Direct electrolysis of CO2 in solid oxide cells supported on ceramic fuel electrodes with straight open pores and coated catalysts

This study was to investigate direct electrolysis of CO2 via solid oxide cells with thin Y0.16Zr0.84O1.92 (YSZ) electrolytes and (La0.8Sr0.2)(0.)95MnO3-delta (LSM)-YSZ air electrodes supported on La0.8Sr0.2Cr0.5Fe0.5O3-delta (LSCrF)YSZ fuel electrodes. The fuel electrode with straight open pores was prepared using the phase-inversion tape casting method, modified with nano-scaled Sr(2)FeLsMn(0)(.5)O(6-delta) (SFM) catalysts using the impregnation method. Substantially larger maximum power densities were observed in the fuel cell mode for single cells with the SFM catalysts than without, e.g., 423 vs. 51 mW.cm(-2) at 800 degrees C. Impedance analysis showed an order magnitude drop in the pure ohmic resistances and the interfacial polarization resistances in the presence of electronically conductive and catalytically active SFM nanoparticulates.

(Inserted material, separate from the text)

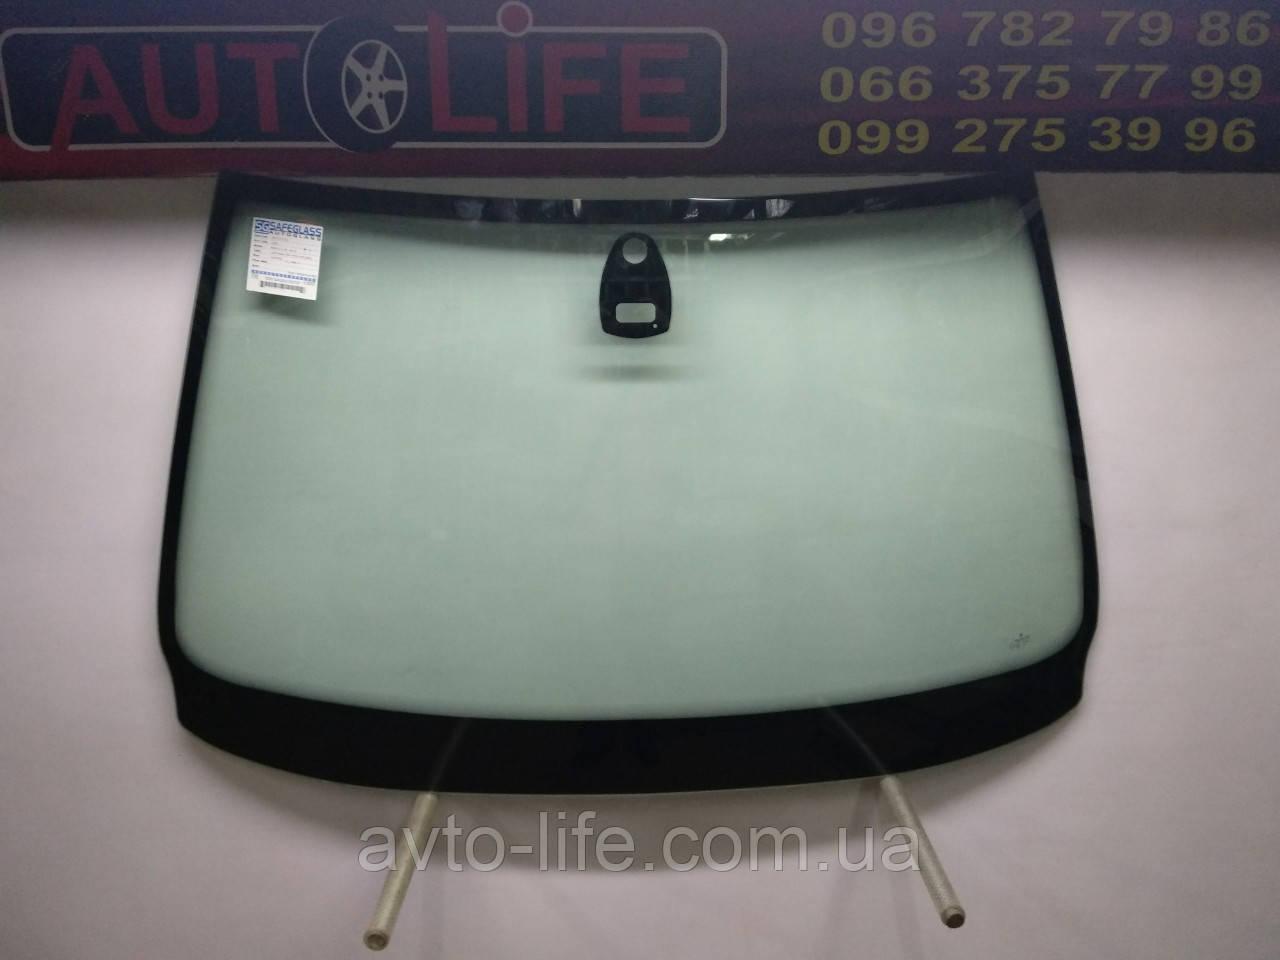 Лобовое стекло BMW 5 E39 (1995-2004) | Автостекло BMW 5 Е39 | Лобове скло БМВ 5 Е39 | Заміна лобового скла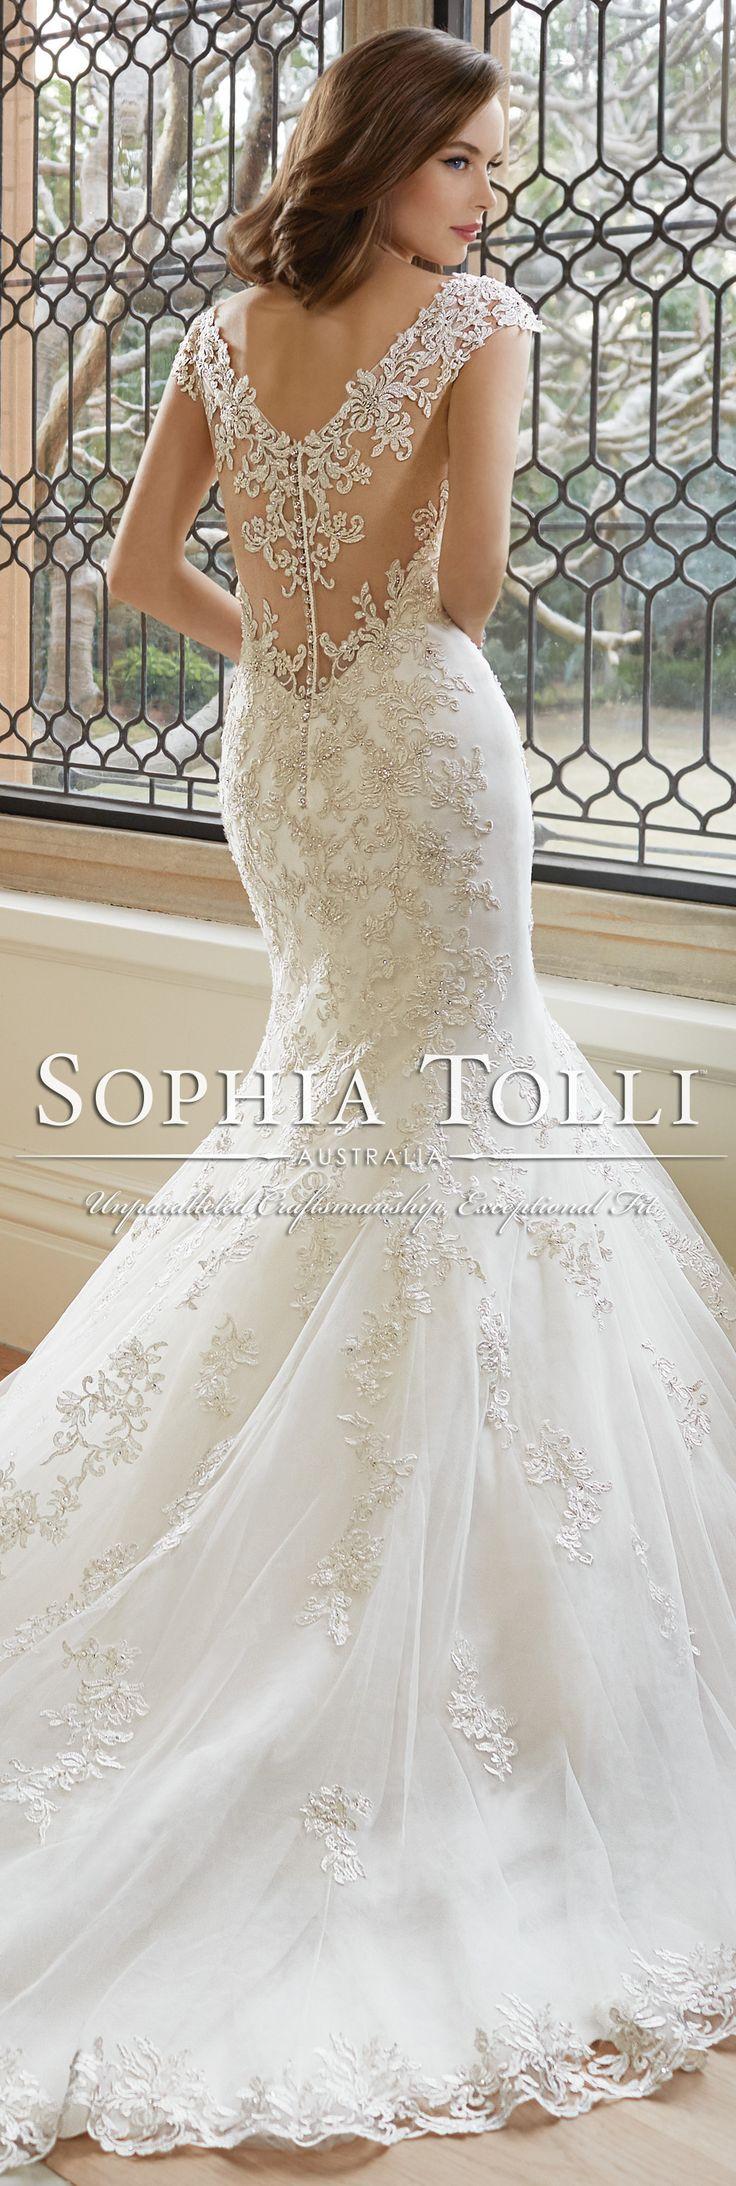 The Sophia Tolli Spring 2016 Wedding Dress Collection - Style No. Y11646 - Rana #laceweddingdress

Electrolysis measurements indicated that these nanoscaled SFM catalysts also helped to promote CO2 reduction reactions. The electrolysis current densities at 1.5 V were 0.48, 0.64 and 1.02 A.cm(-2) for the SFM-infiltrated cells at 700, 750, 800 degrees C, respectively. In contrast, the blank cells displayed much smaller current densities of 0.22, 0.35 and 0.41 A.cm(-2) under the similar conditions. Apparently, the modification of the LSCrF-YSZ electrode with SFM nanoparticulates provided extended electrochemically active sites with sufficient interconnected paths to transfer electrons and oxygen ions, which led to a significant increase in the electrochemical performance. The reduced polarization resistance and high current density show that the nano-scaled SFM-modified LSCrF-YSZ fuel electrode is highly effective for pure CO2 electrolysis without using the safe gas.